Copy down the listing below exactly. Do not include pictures.

* **DATA SHOWN**
**********
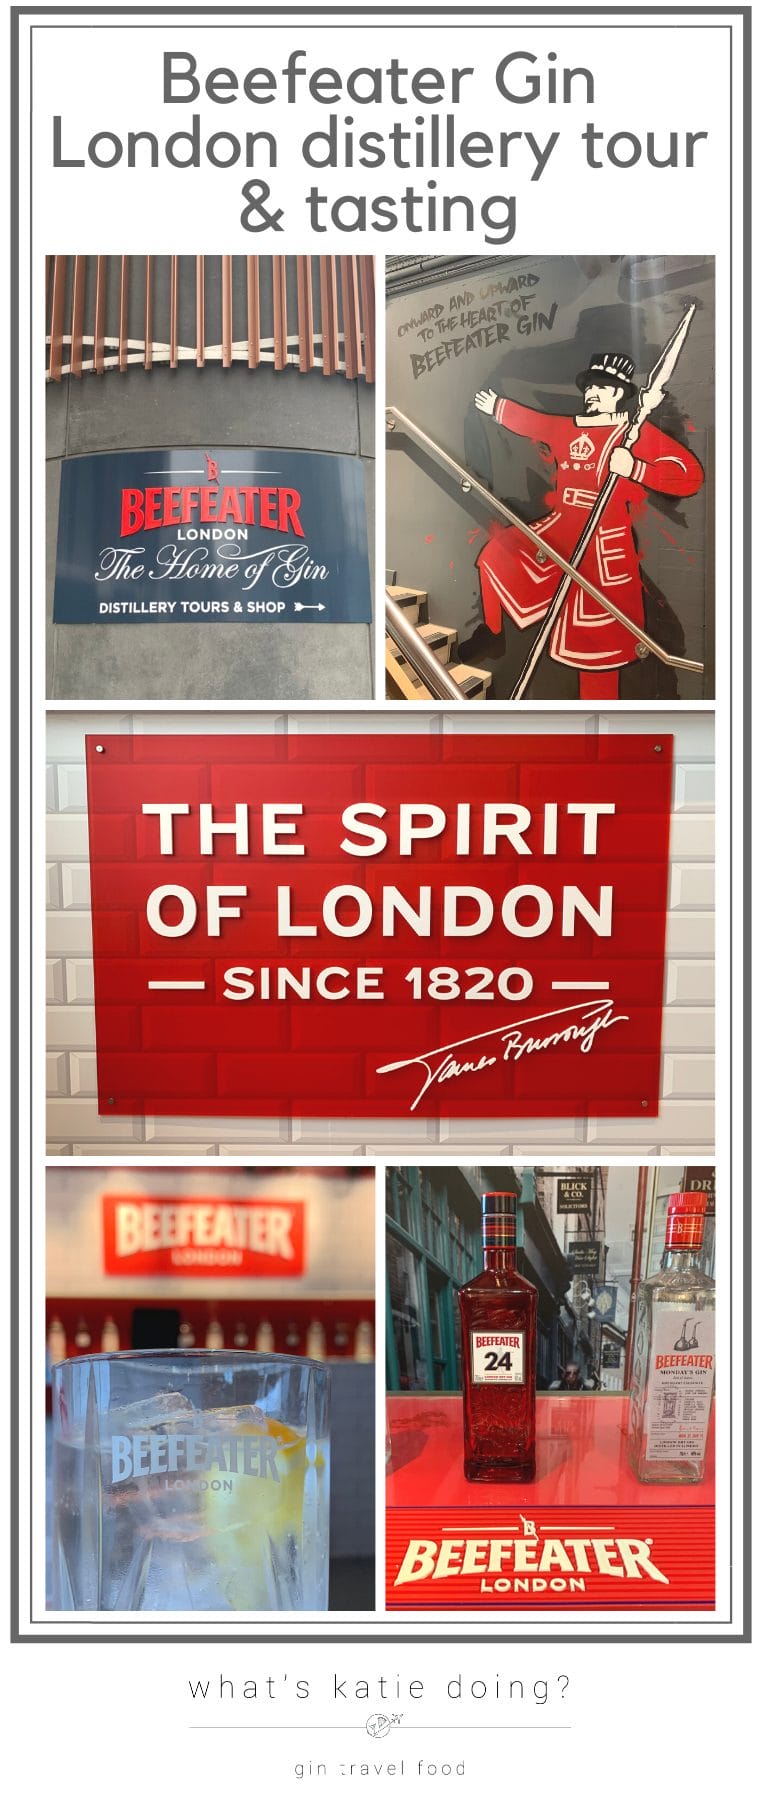 Beefeater gin tour - a London distillery tour and tasting
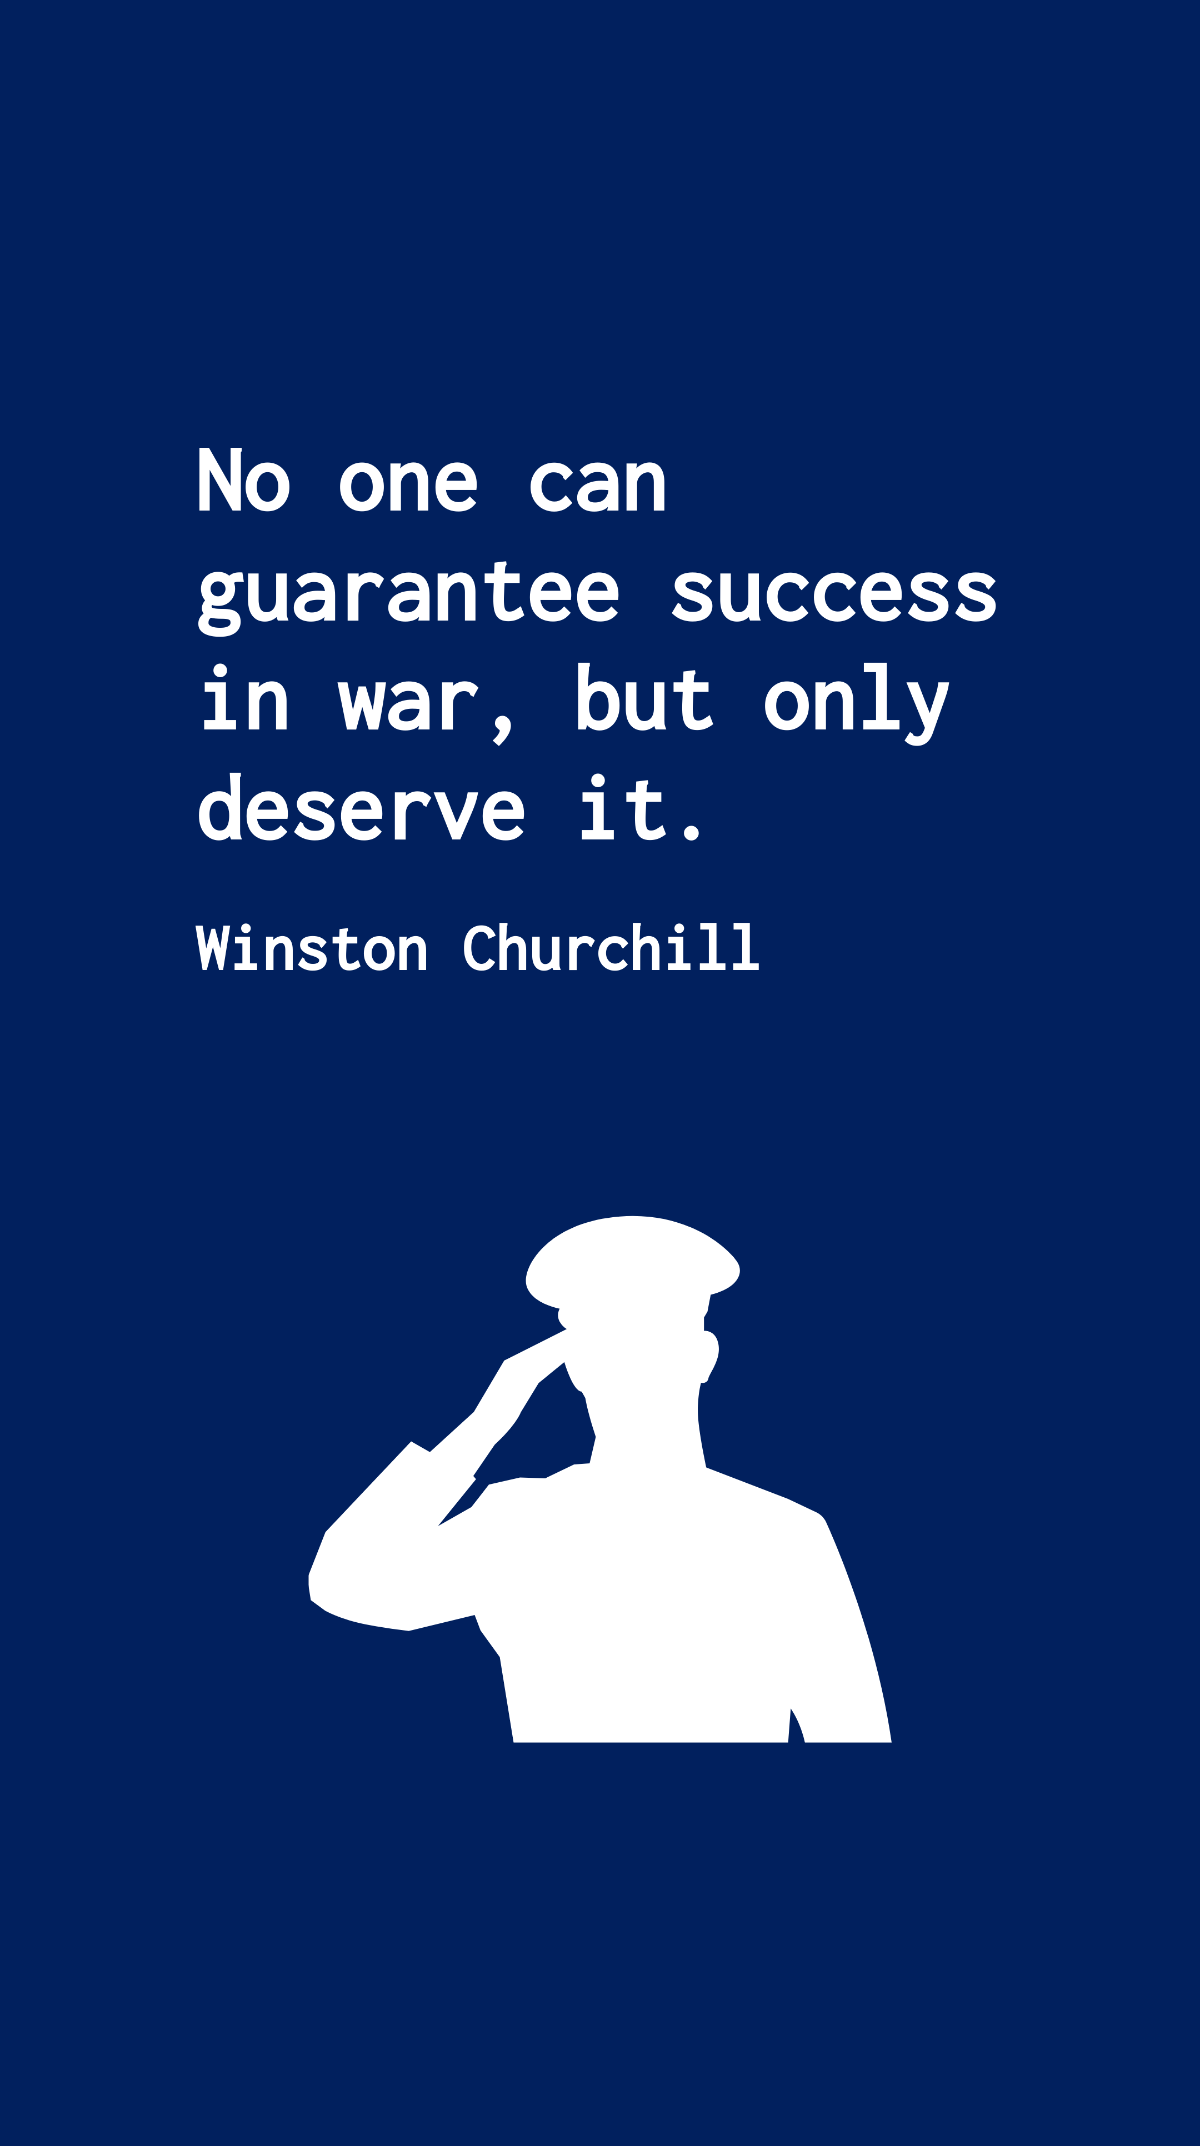 Winston Churchill - No one can guarantee success in war, but only deserve it. Template
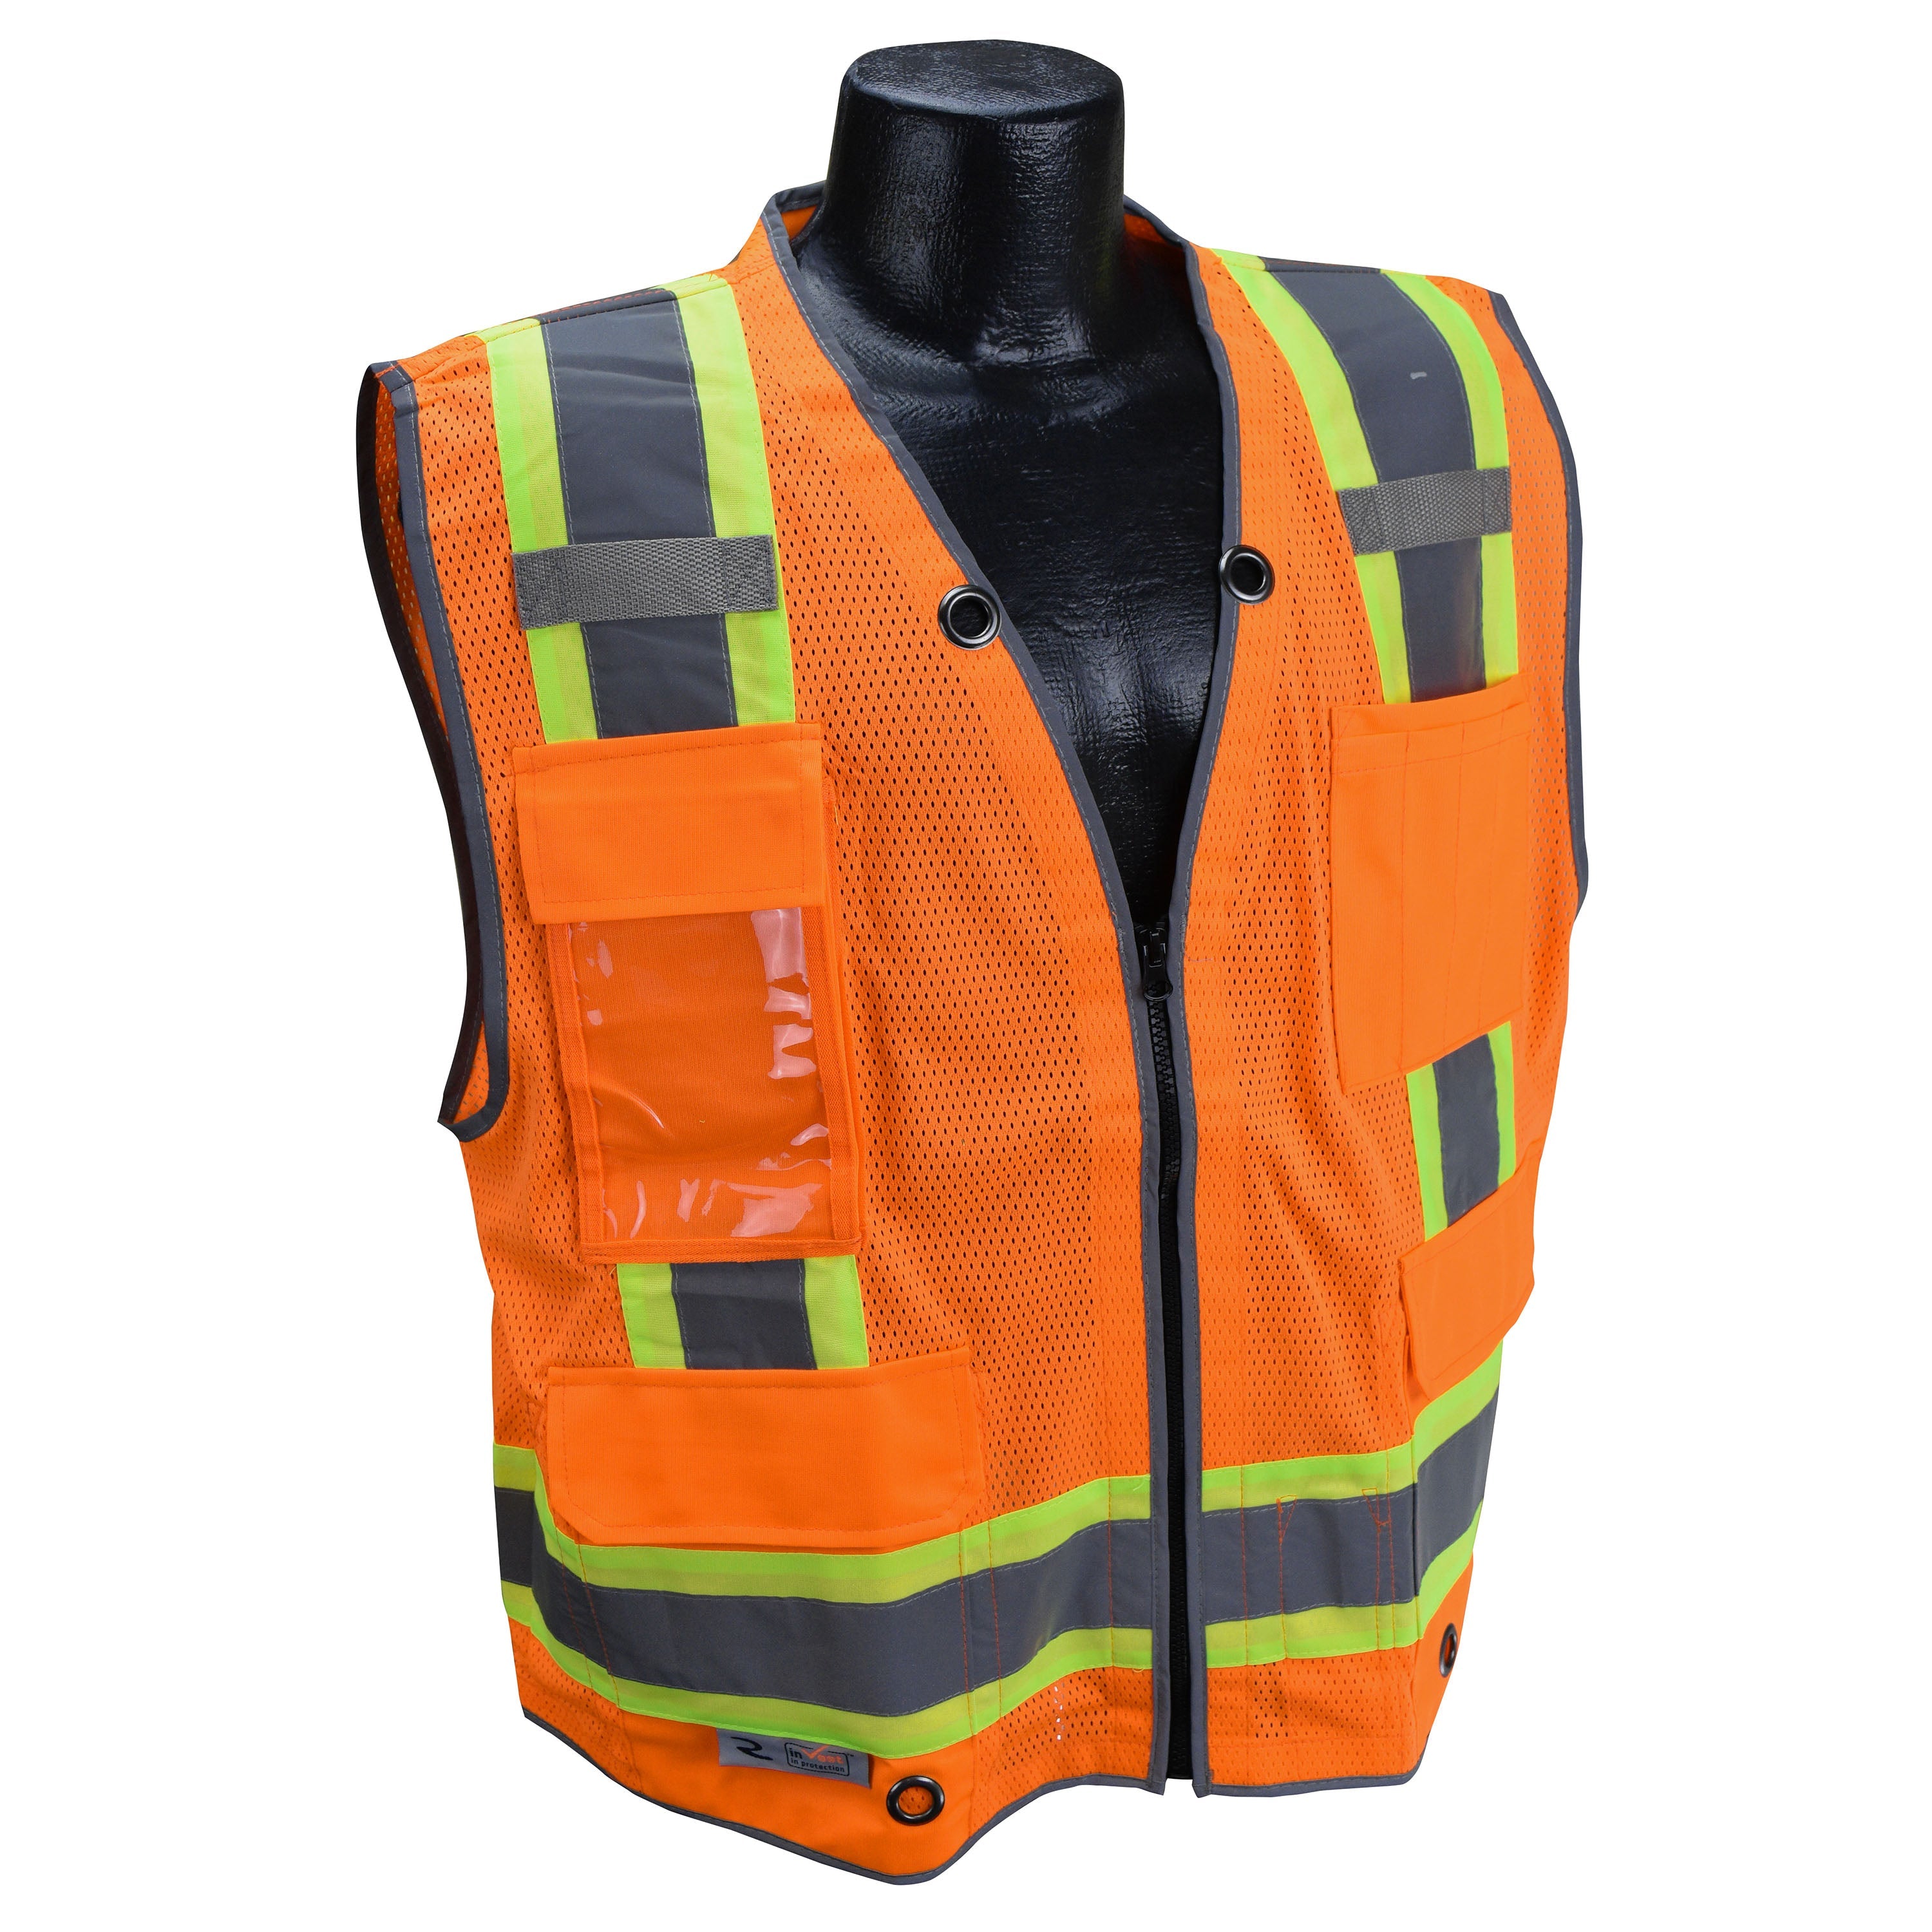 Radians SV6H Type R Class 2 Heavy Duty Two Tone Mesh Surveyor Vest with Solid Pockets
**********
* **REPLY**
 Beefeater gin tour - a London distillery tour and tasting
 Winston Churchill - No one can guarantee success in war, but only deserve it. Template
 Radians SV6H Type R Class 2 Heavy Duty Two Tone Mesh Surveyor Vest with Solid Pockets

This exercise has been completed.